Vascular birthmarks, or hemangiomas, become apparent during a child’s first year but usually fade as the child ages. They are red in color due to the excess blood vessels in the skin, and are usually found on the head and chest, but can be on any part of the body. While adults can also develop birthmarks, they are much smaller and more superficial. The hemangioma can be in the top layers of the skin (capillary hemangioma), deeper in the skin (cavernous hemangioma), or a mixture of both.
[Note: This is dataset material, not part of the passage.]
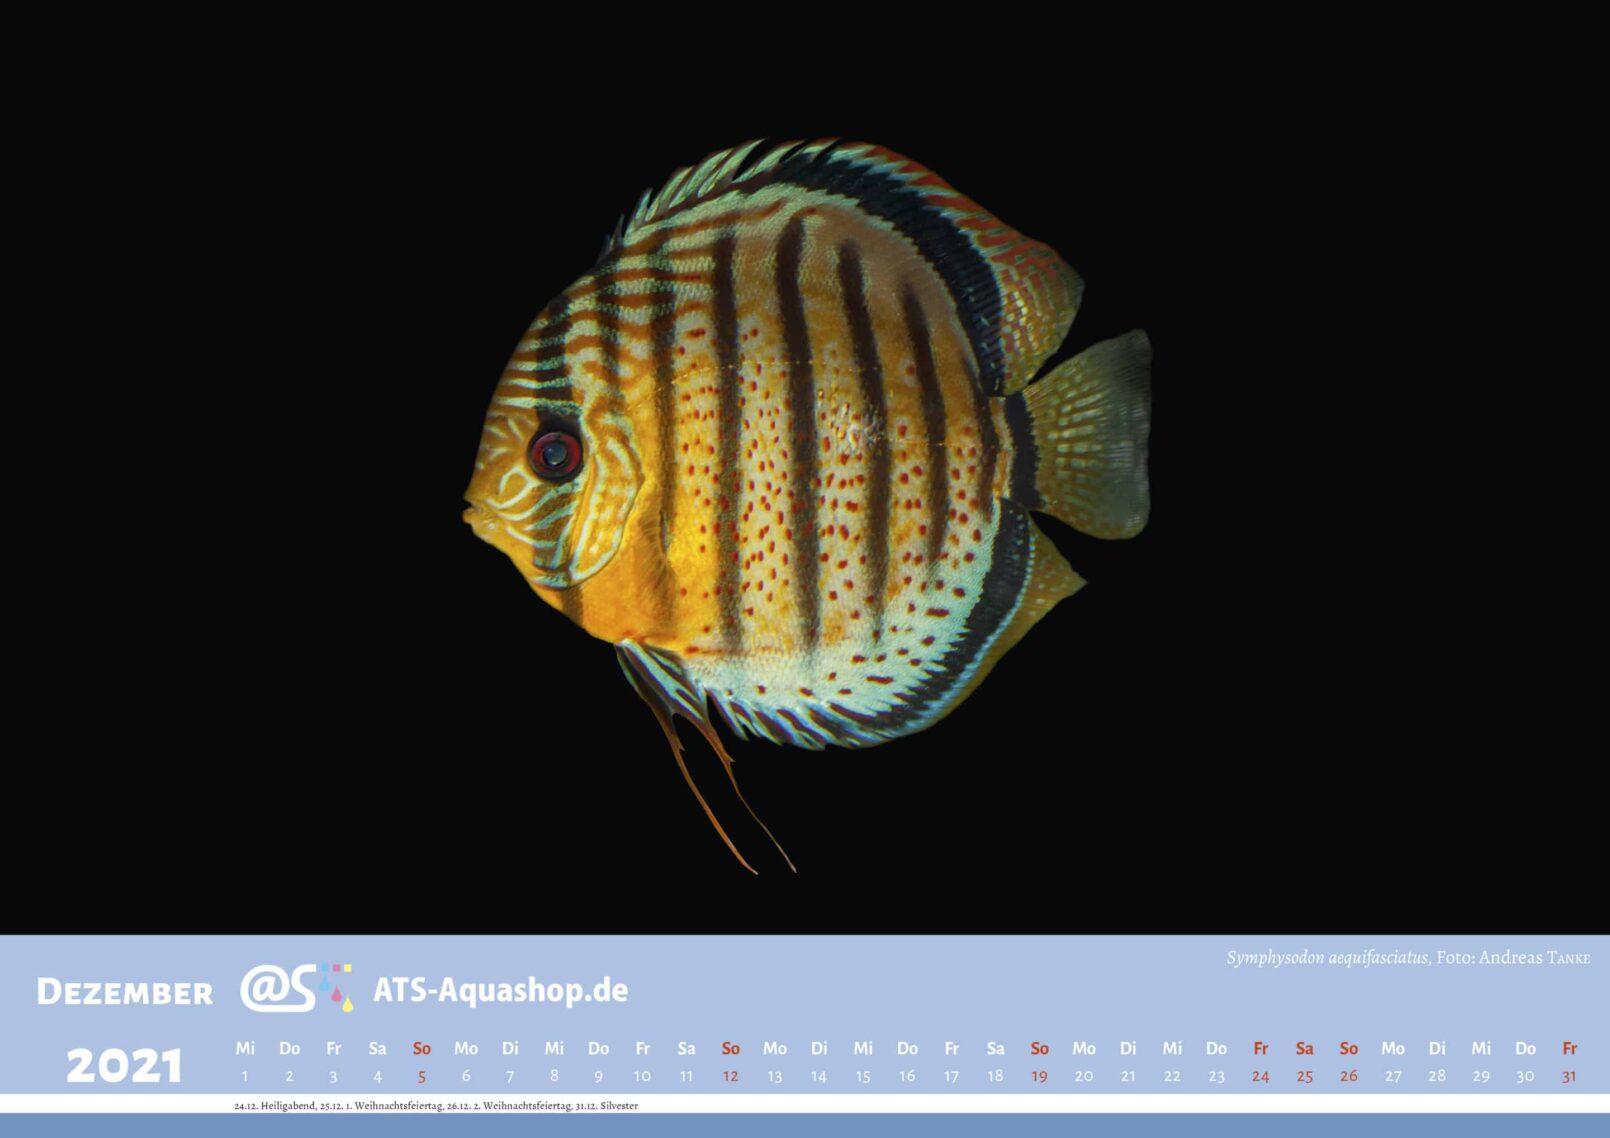 ATS-Aquashop Foto Jahreskalender 2021 DIN A3 (Dezember): Symphysodon aequifasciatus
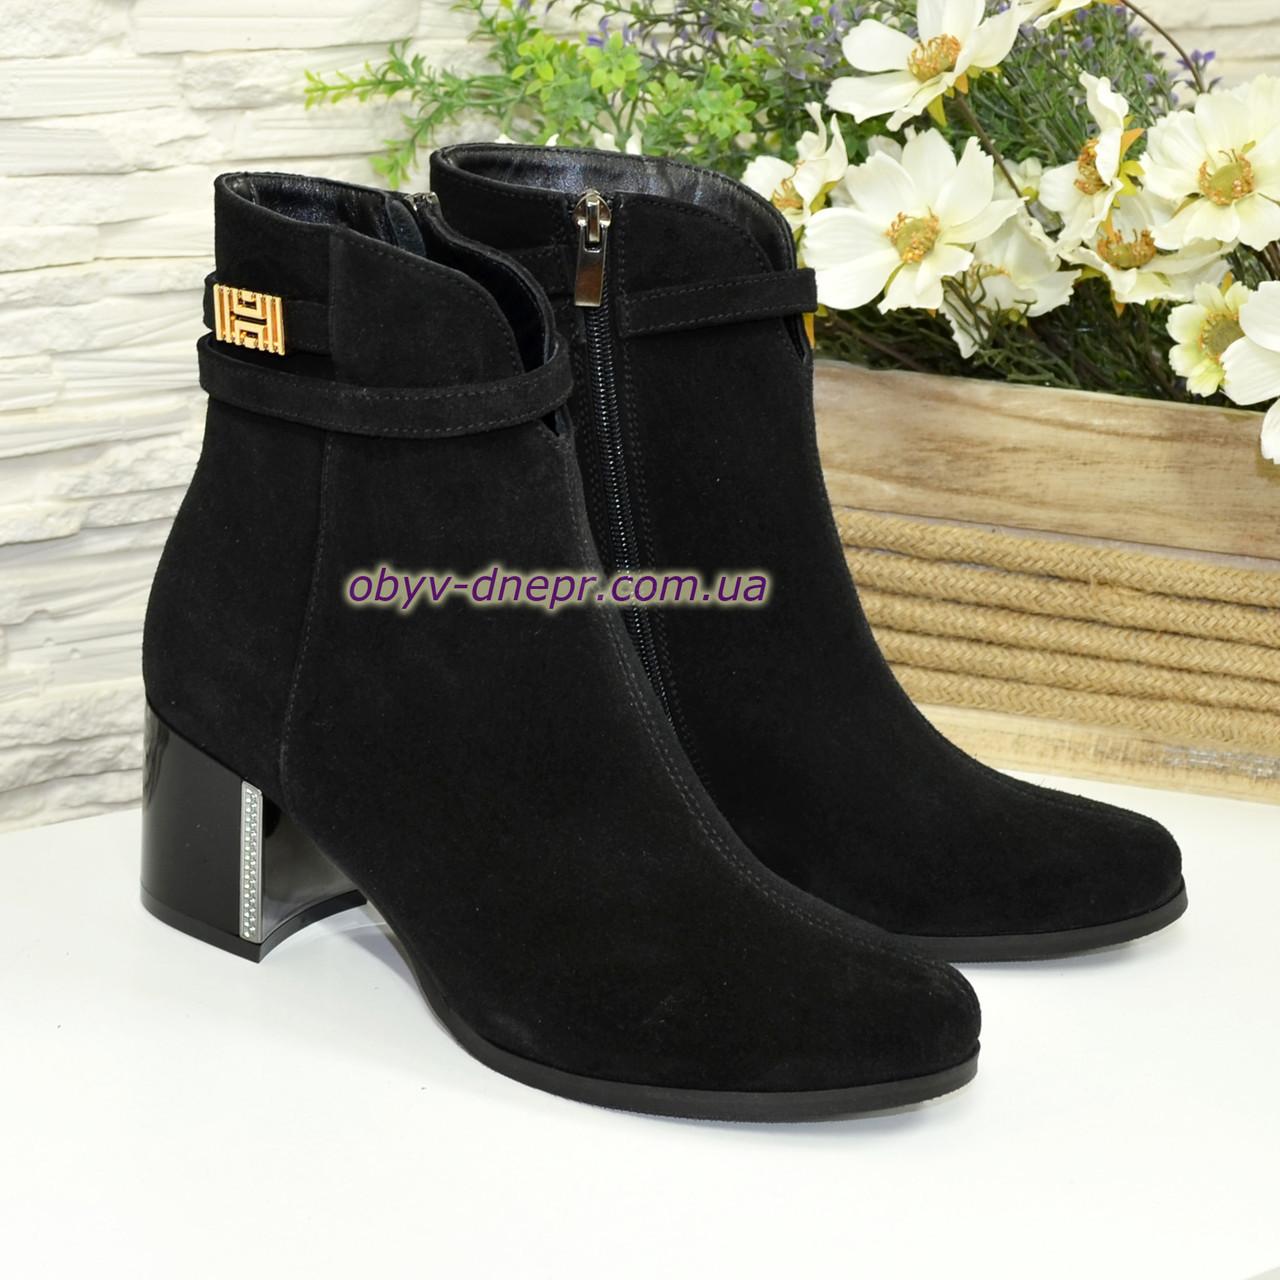 e64d9ea9a Полуботинки женские демисезонные на невысоком каблуке, из натуральной замши  черного цвета

Although hemangiomas are usually harmless, they can become symptomatic if they ulcerate and bleed. If they are symptomatic or if there is concern for interference in vision, breathing, or hearing, there are treatment options to shrink hemangiomas:

  • Laser treatments
  • Steroid cream
  • Topicals that constrict blood flow
  • Beta-blockers can be used for treatment of more complicated hemangiomas

Source: Mayo Foundation for Medical Education and Research

Brown Spots

Lentigines, or liver spots, are benign lesions that commonly occur on the sun-exposed areas of the body, such as the backs of hands and face. These irregularly-shaped dark-colored spots can be as large as two centimeters and are caused by an increase in the number of pigment cells located in the superficial layers of the skin. The lesions tend to increase in number with age, making them common among the middle age and older population. A doctor will perform a physical examination to diagnose lentigines, and a biopsy will be necessary if it is irregular, to ensure it is not cancerous. There are many treatment options for people who choose to treat lentigines for cosmetic reasons:

  • Cryotherapy
  • Prescription bleaching creams
  • Chemical peels
  • Laser treatments

Diligent sun protection will decrease the risk of developing new lentigines, as well as their recurrence after treatment.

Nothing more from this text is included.